## What you should do
Transcribe all the lines below exactly. Omit the pictures.

## Data extract

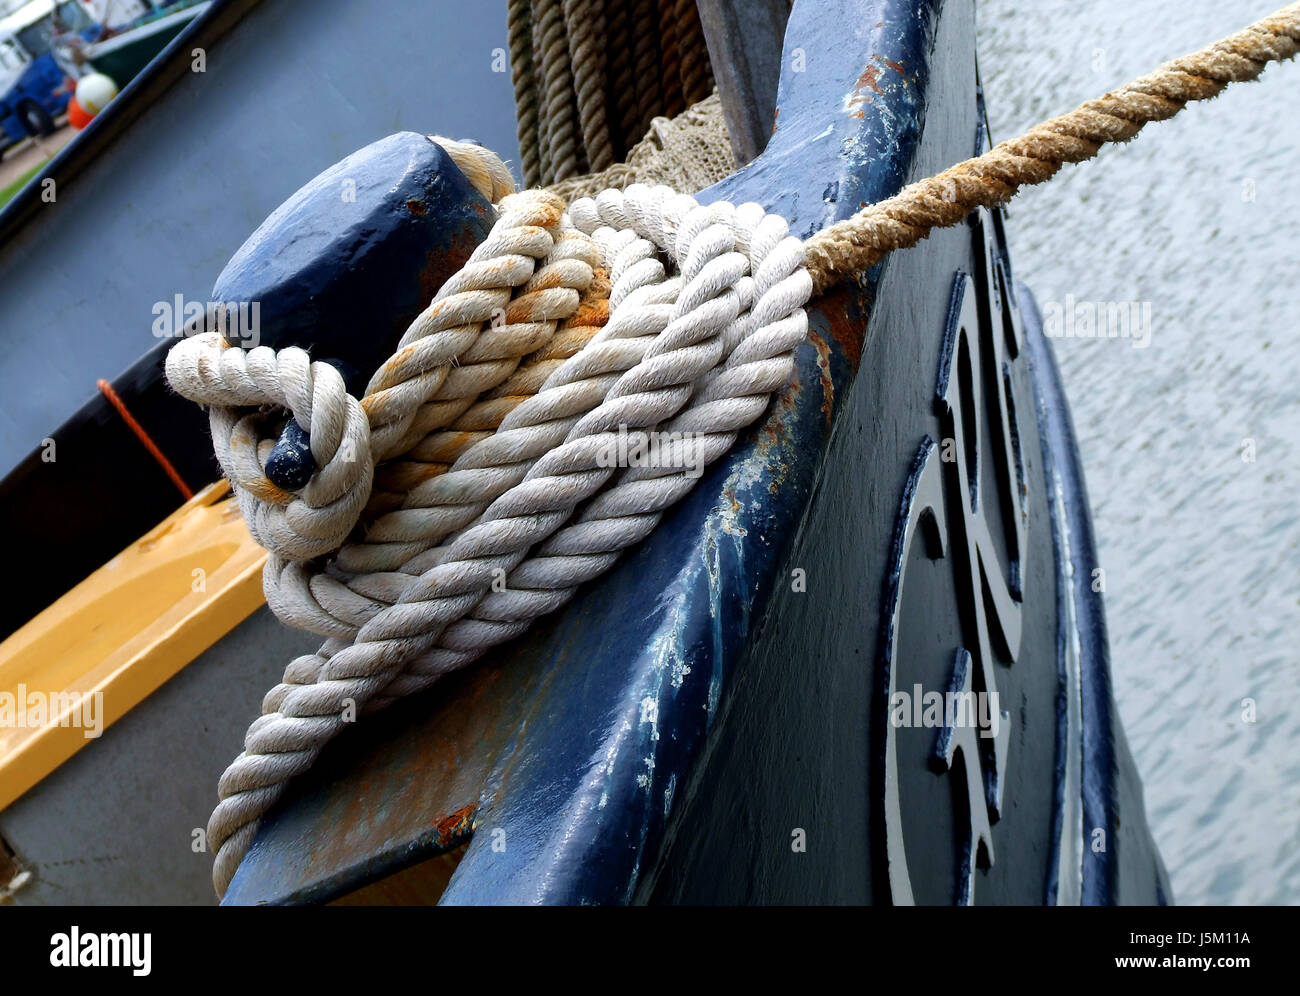 Navigation-Tau Leine Angeln Schiff gelten Sisal Seil Schiffstau Anleinen zu  befestigen Stockfotografie - Alamy
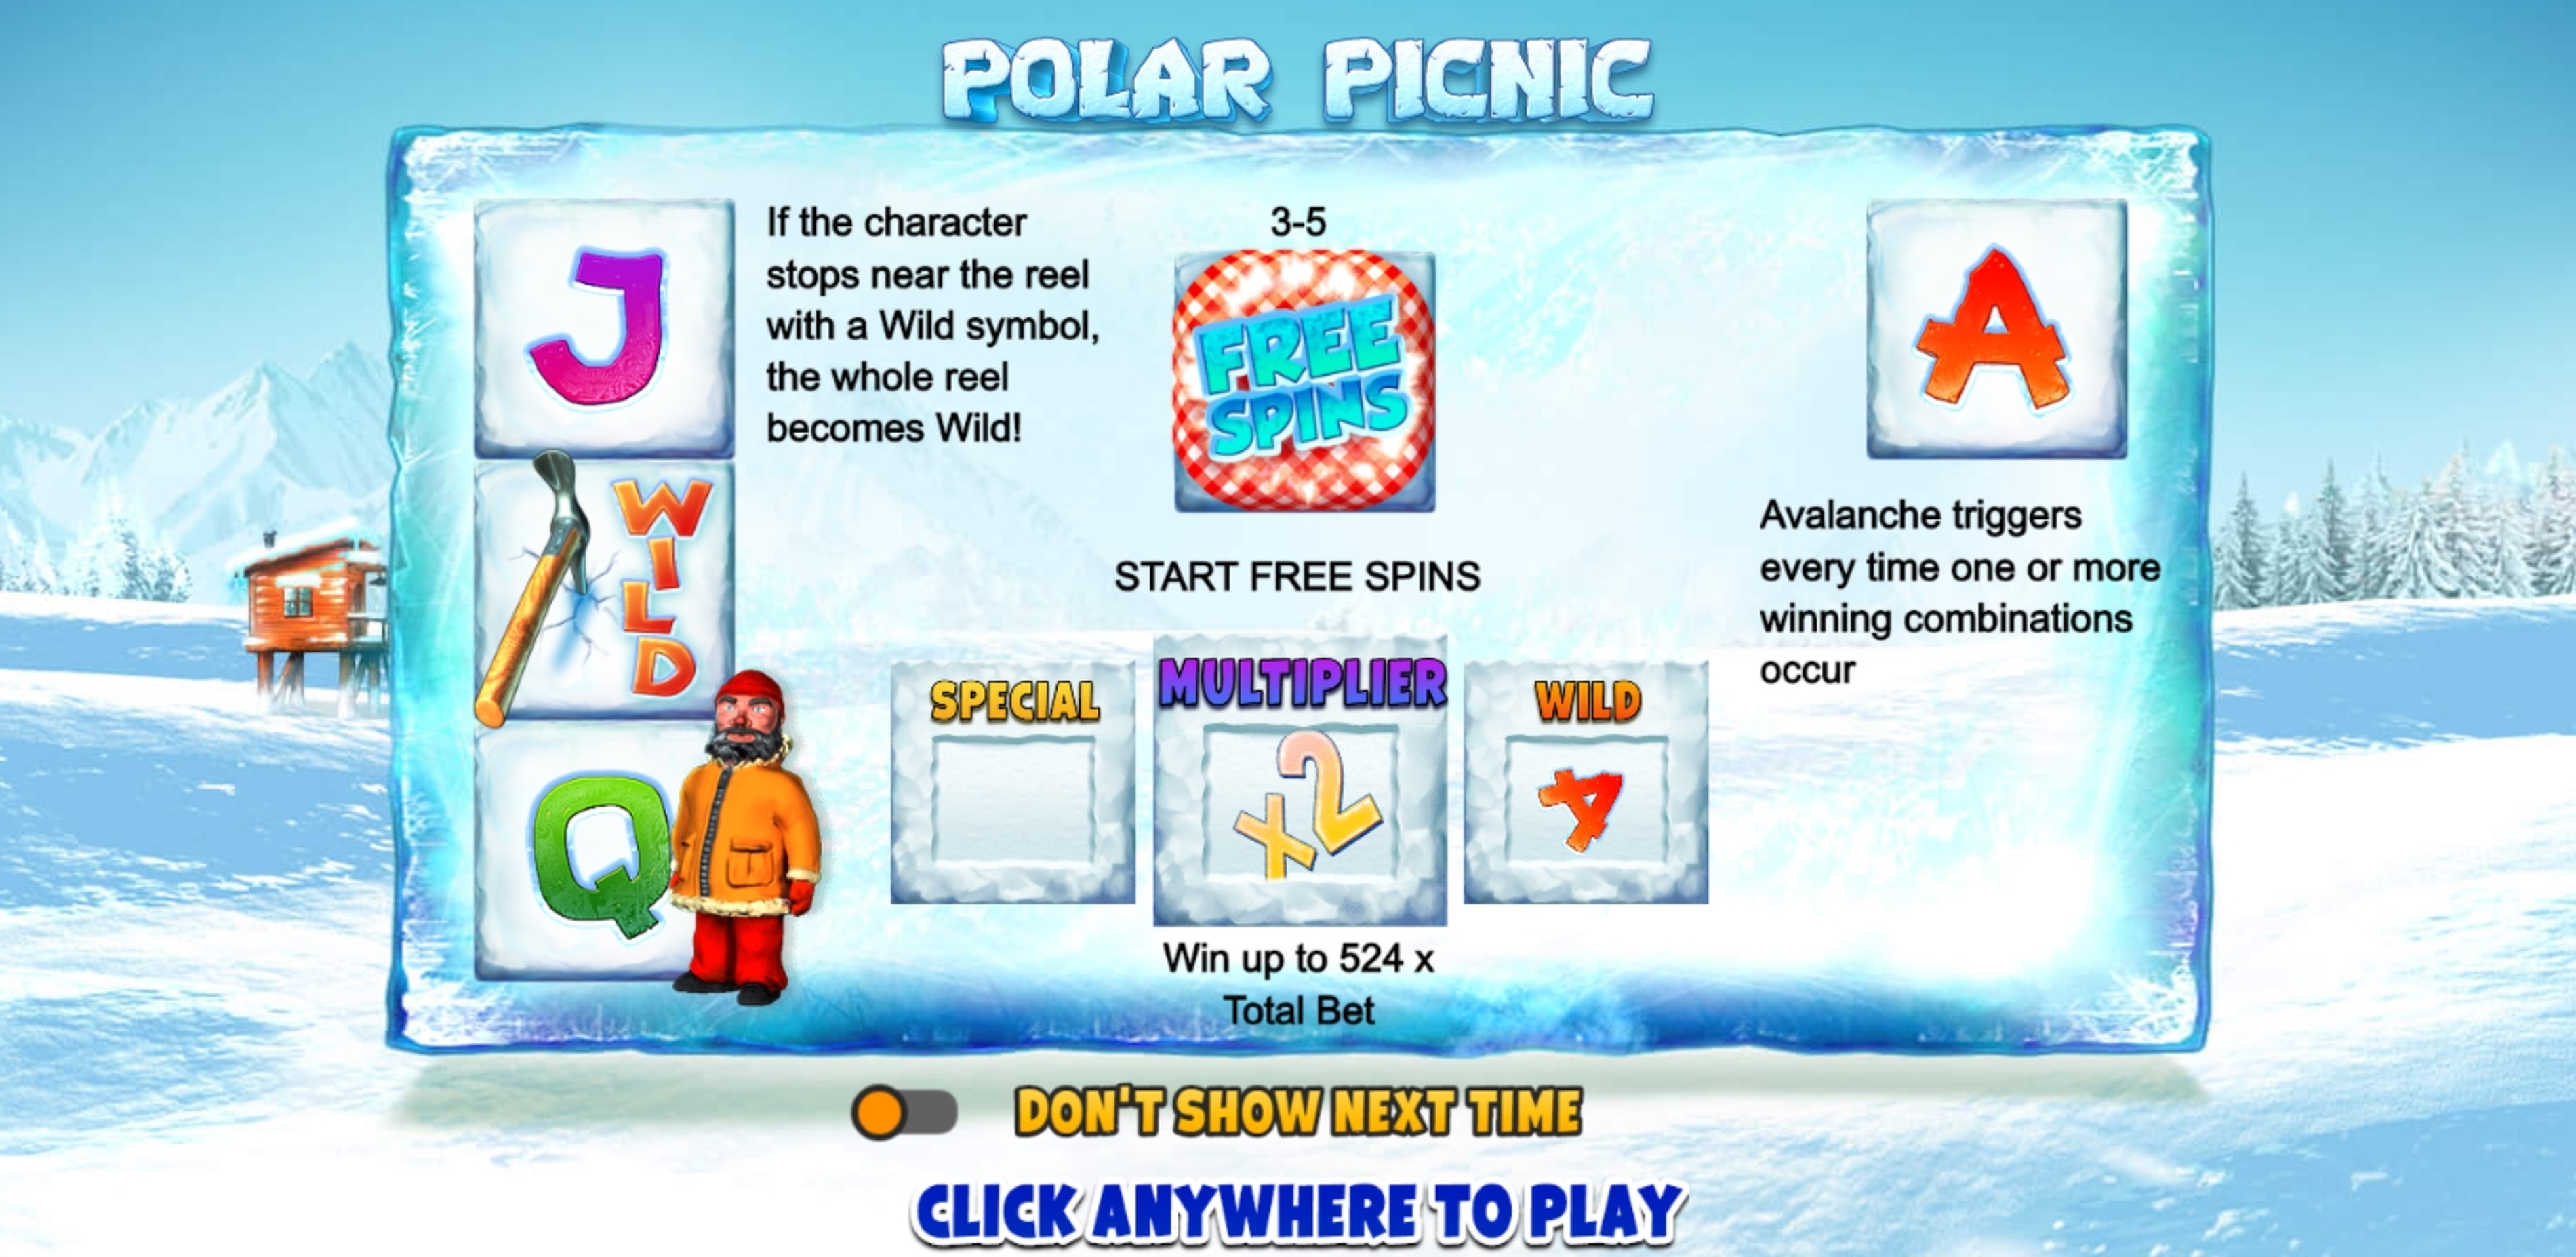 Play Polar Picnic Free Casino Slot Game by FUGA Gaming
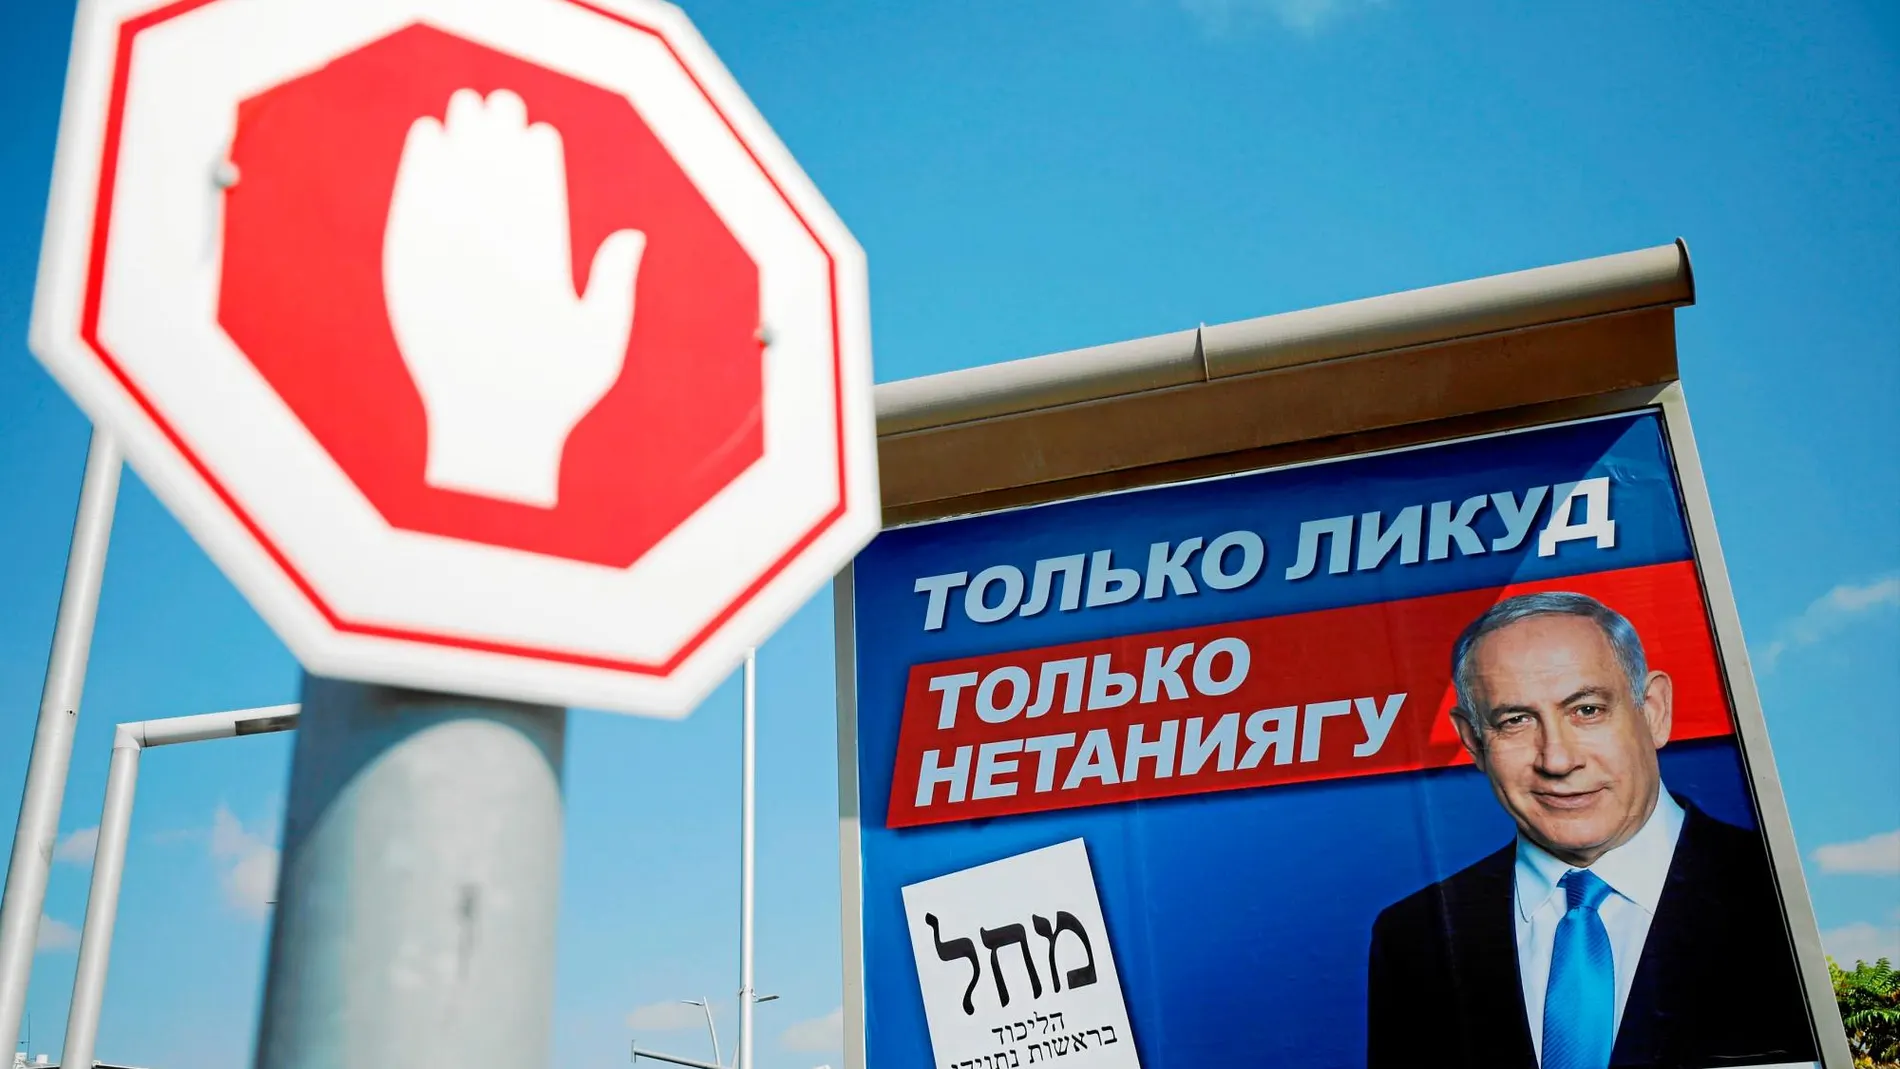 Un cartel electoral del partido Likud escrito en ruso cerca de una señal de tráfico en Ashdod, Israel

## Reply to the task
 Navigation-Tau Leine Angeln Schiff gelten Sisal Seil Schiffstau Anleinen zu  befestigen Stockfotografie - Alamy
 Play Polar Picnic Free Casino Slot Game by FUGA Gaming
 Un cartel electoral del partido Likud escrito en ruso cerca de una señal de tráfico en Ashdod, Israel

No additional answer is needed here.